→ **DATASET**:
******************************

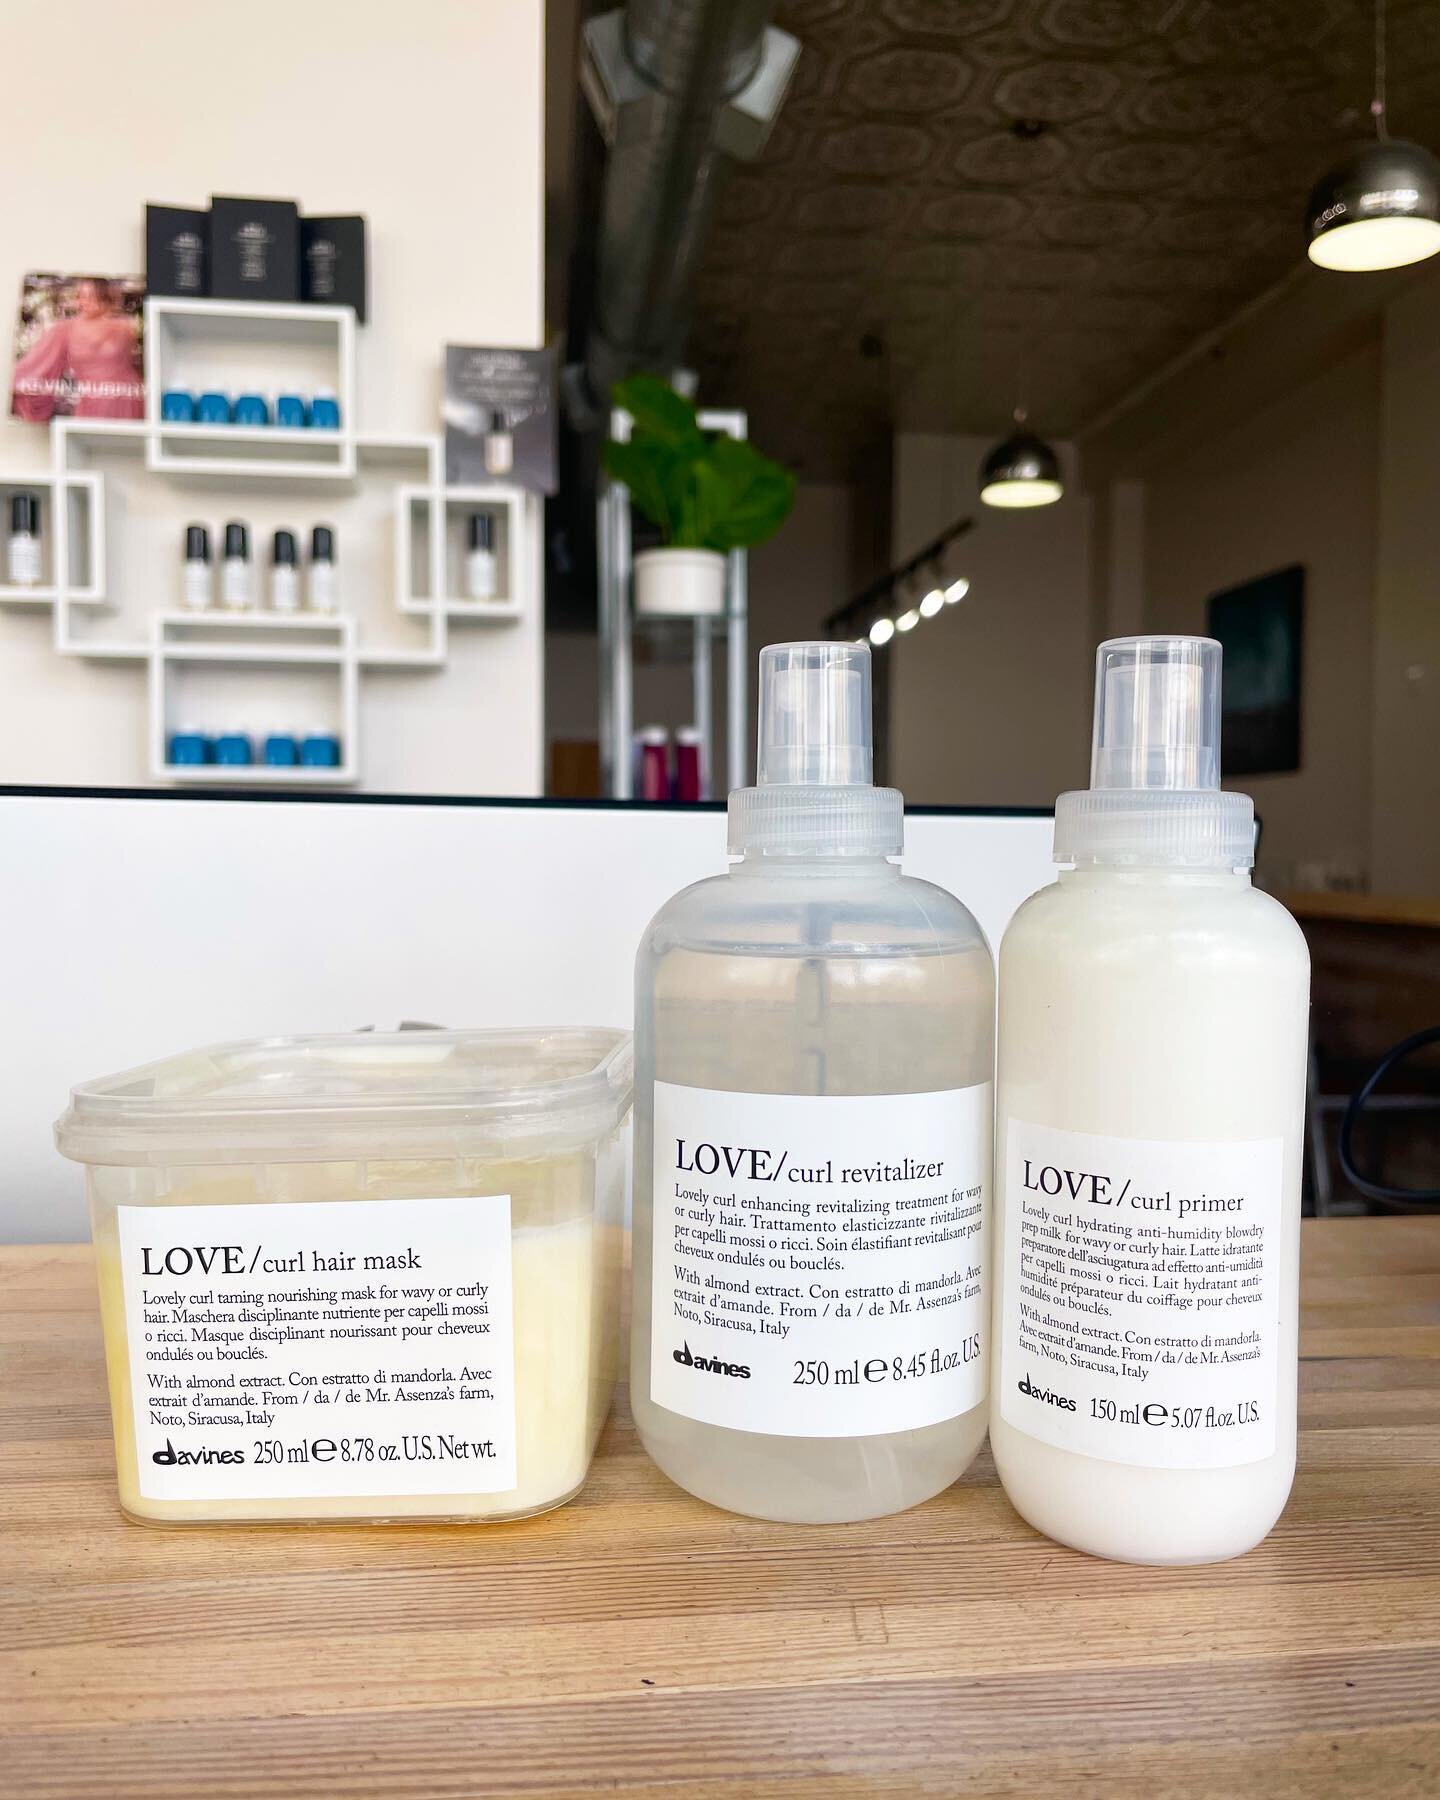 Some products for our curly haired clients!!! The Davines Love Curl line helps nourish &amp; enhance your natural curls! Come pick it up at the salon today💕

.
.
.
#spokanestylist #spokanesalon #pnw #spokanedoesntsuck #spokane #spokanehair #downtown

******************************

→ **WHAT YOU SHOULD DO**: The reply should hold every entry above, given again exactly, but not a single picture.

→ **SOLUTION FOR THIS EXERCISE**:
 Some products for our curly haired clients!!! The Davines Love Curl line helps nourish &amp; enhance your natural curls! Come pick it up at the salon today💕

.
.
.
#spokanestylist #spokanesalon #pnw #spokanedoesntsuck #spokane #spokanehair #downtown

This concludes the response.